-- Recorded information follows --

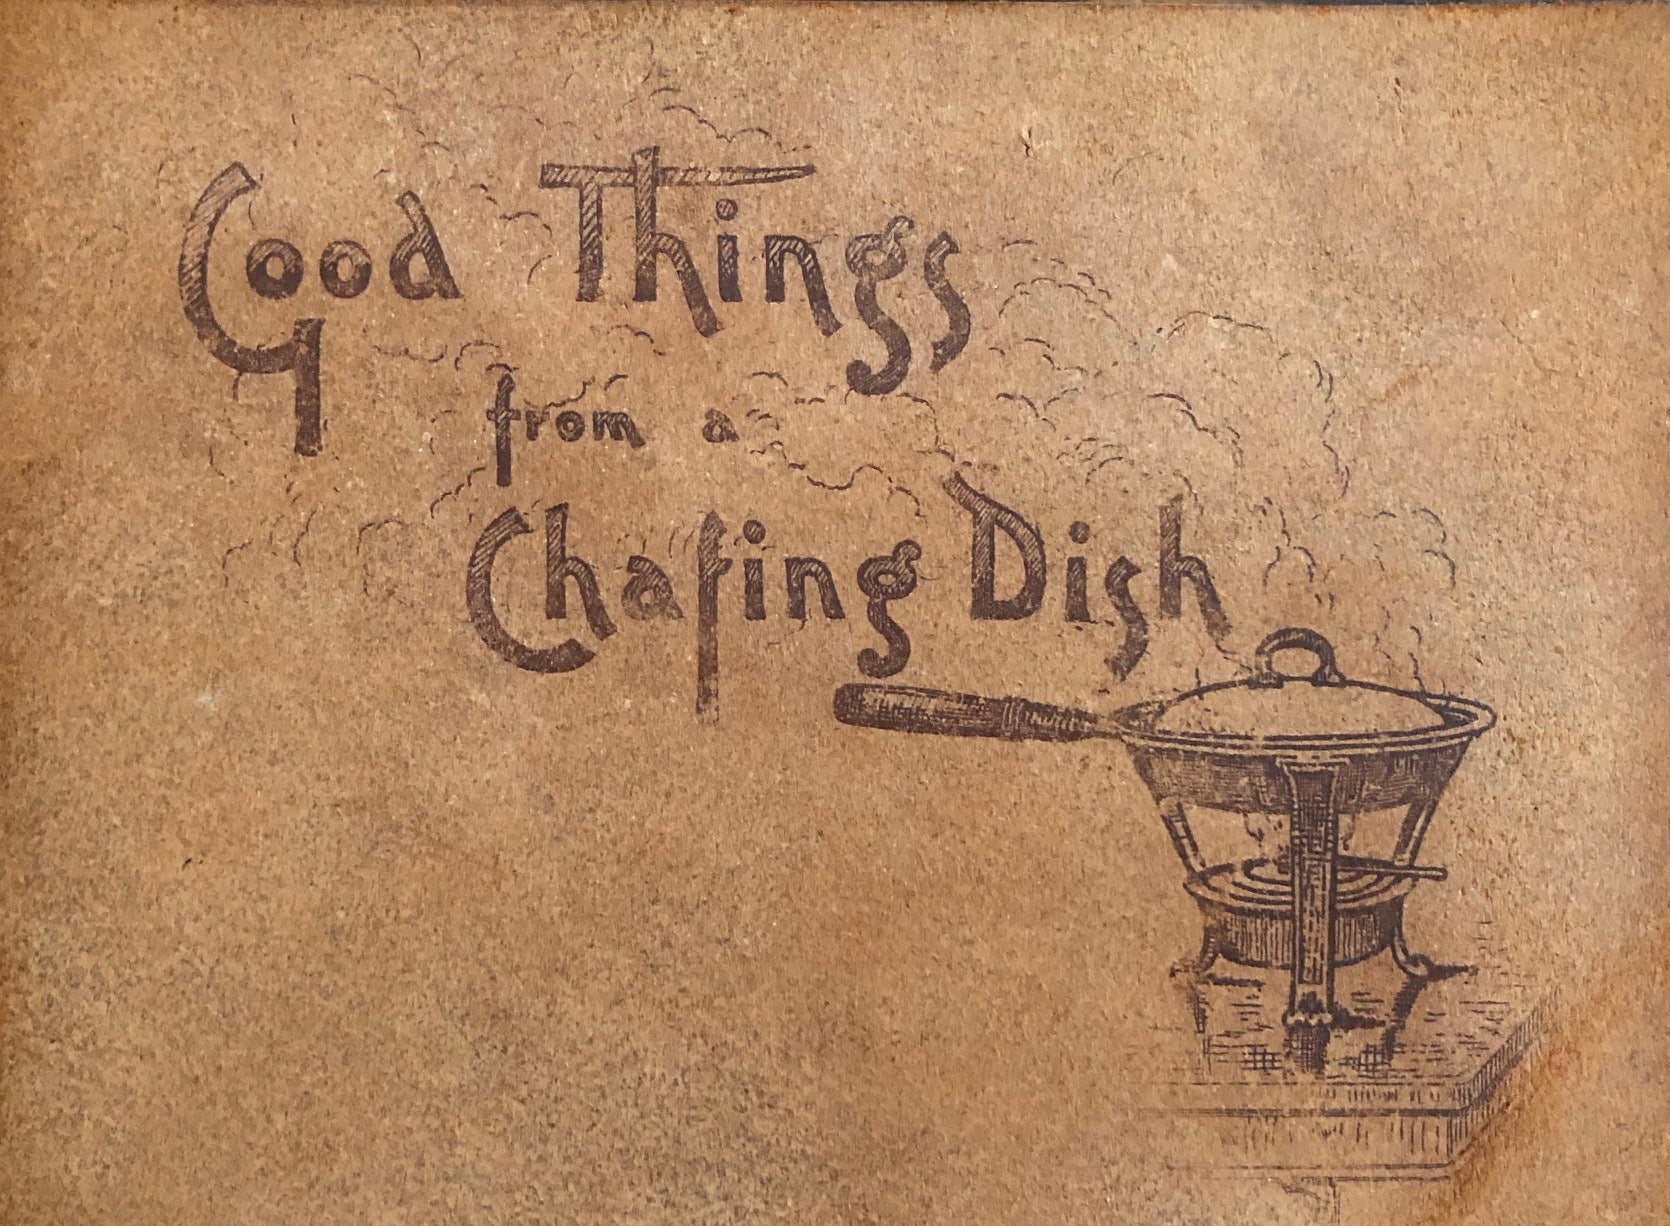 (Chafing Dish) Thomas Murrey. Good Things from a Chafing Dish.
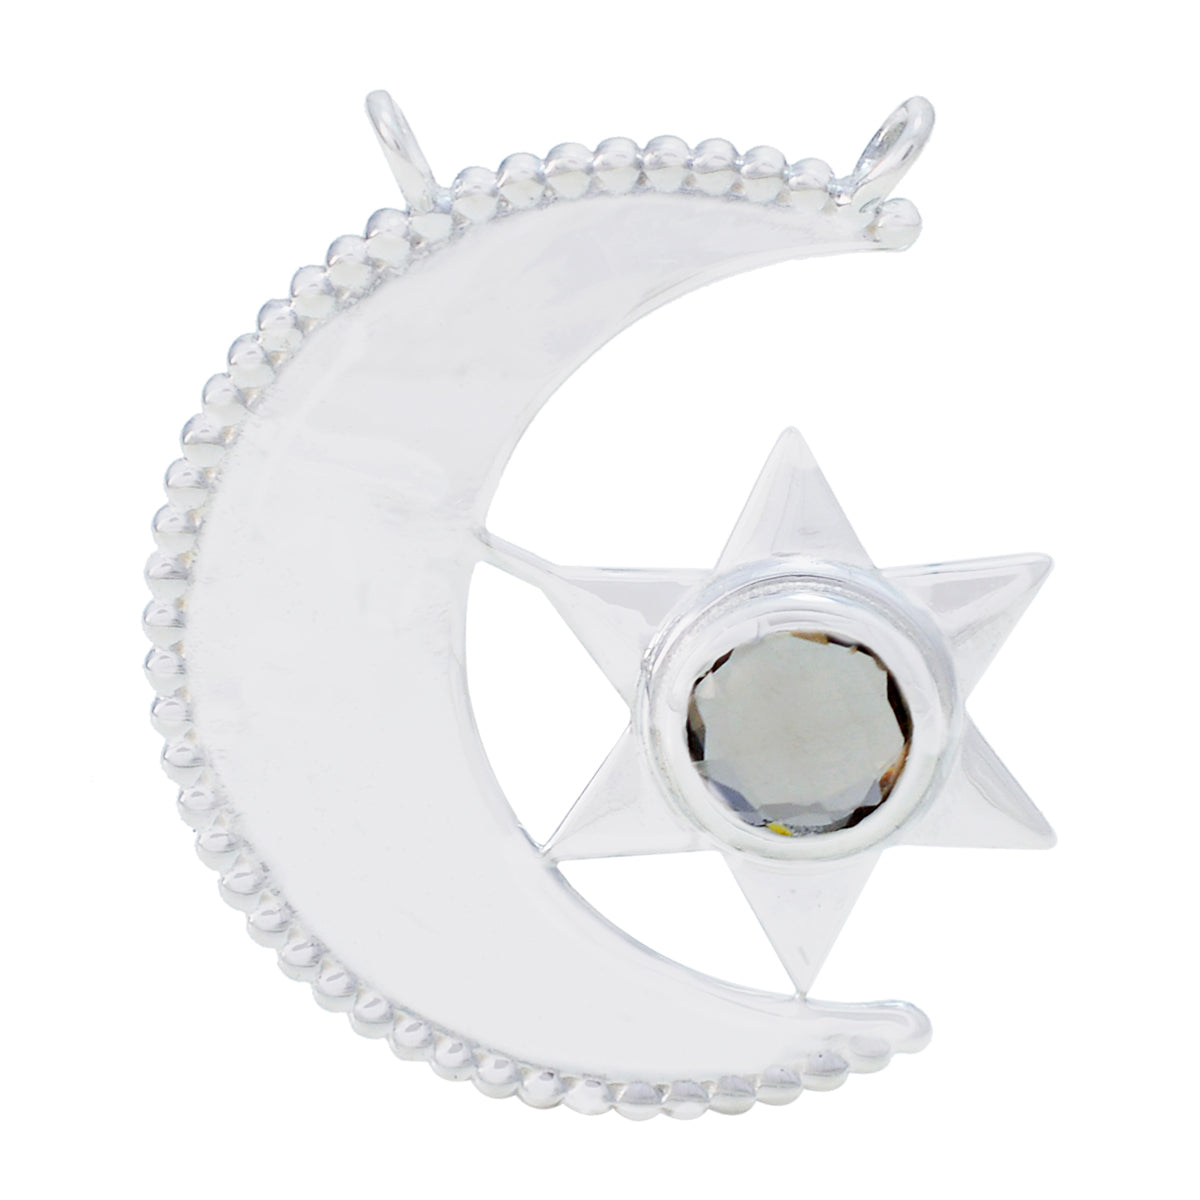 Riyo Natural Gemstone Round checker Brown smoky quartz Solid Silver Pendant gift for good Friday
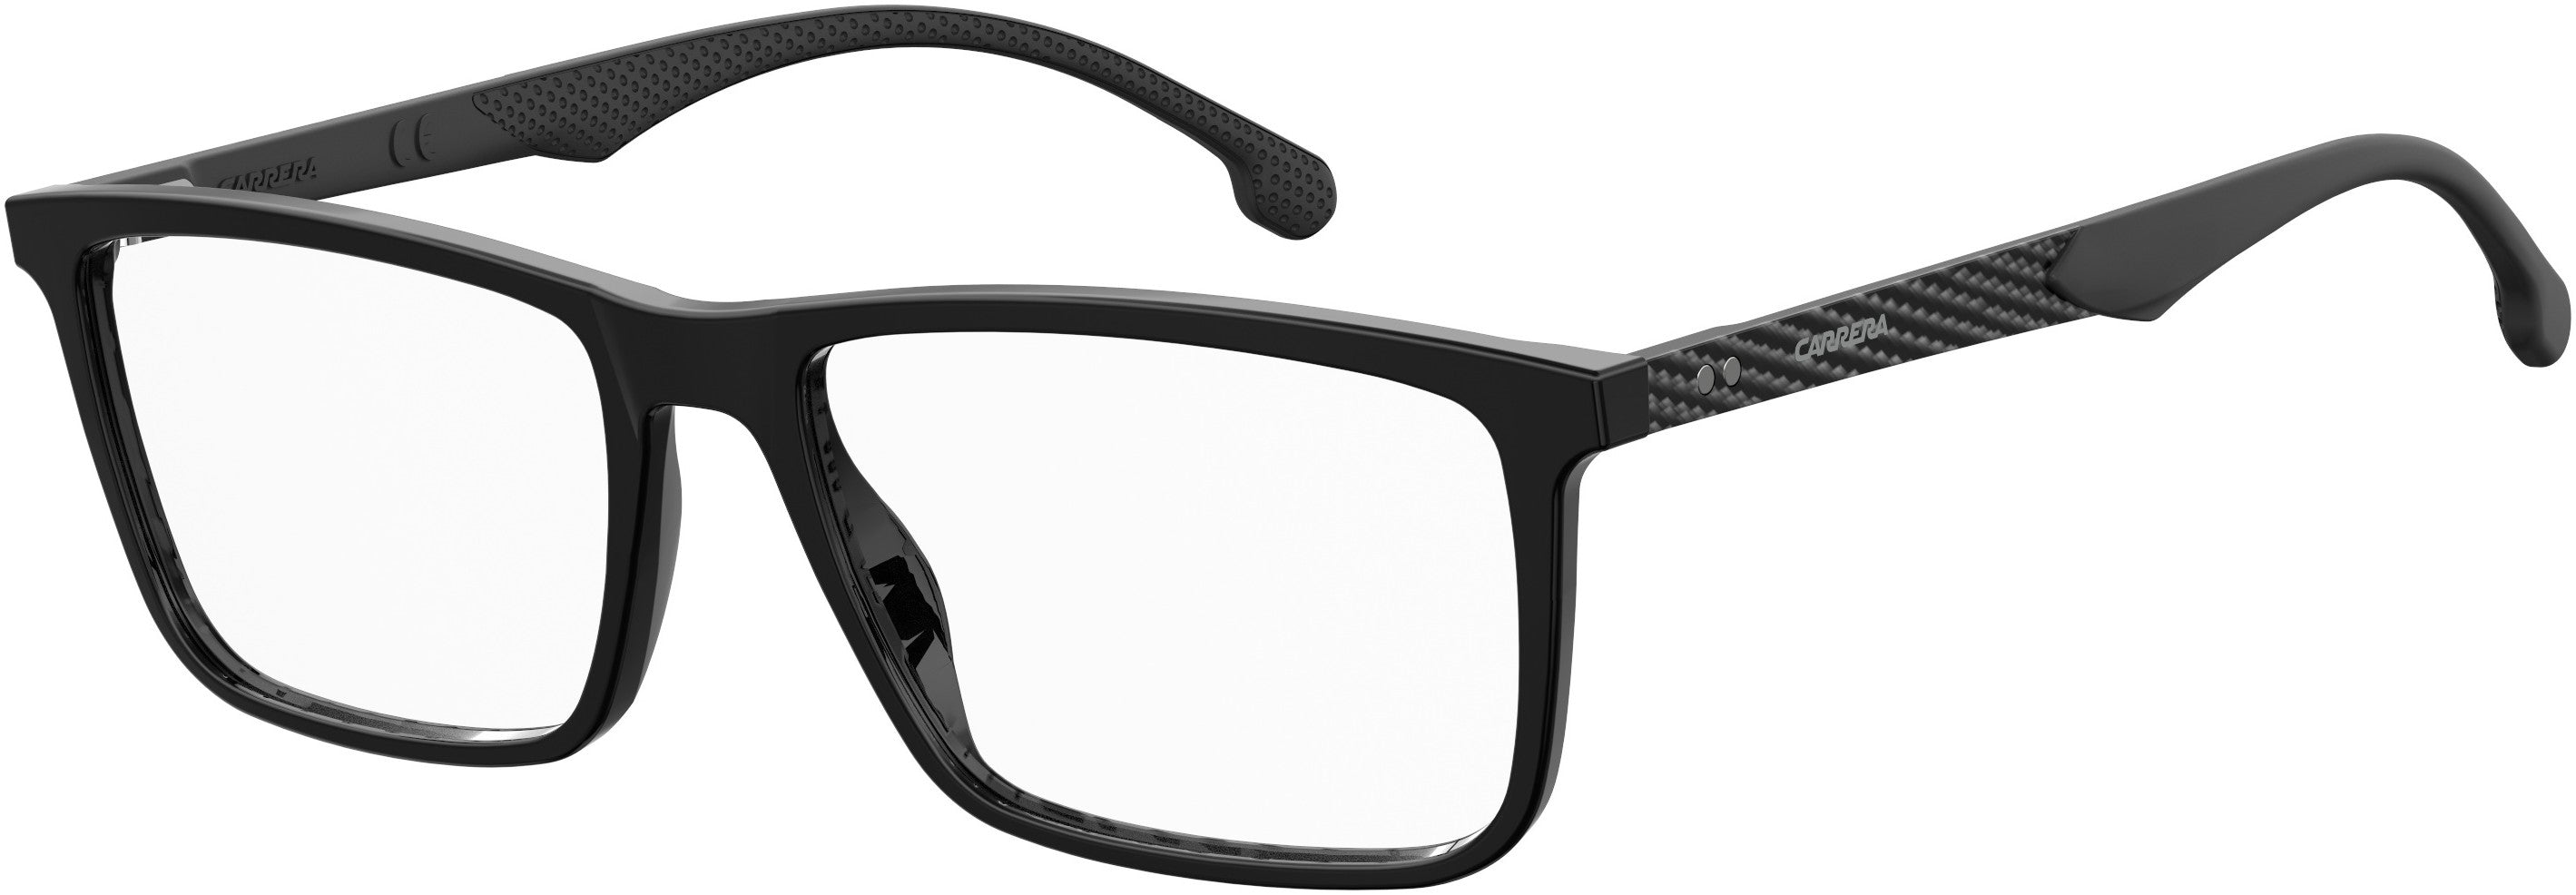  Carrera 8839 Rectangular Eyeglasses 0807-0807  Black (00 Demo Lens)

-- Recorded information concluded --

*Aim of the exercise:* Output only the lines from the line that contains "Riyo Natural Gemstone" through the end of the material, both ends included, and skip every picture.

*Answer to the exercise:*
 Riyo Natural Gemstone Round checker Brown smoky quartz Solid Silver Pendant gift for good Friday
  Carrera 8839 Rectangular Eyeglasses 0807-0807  Black (00 Demo Lens)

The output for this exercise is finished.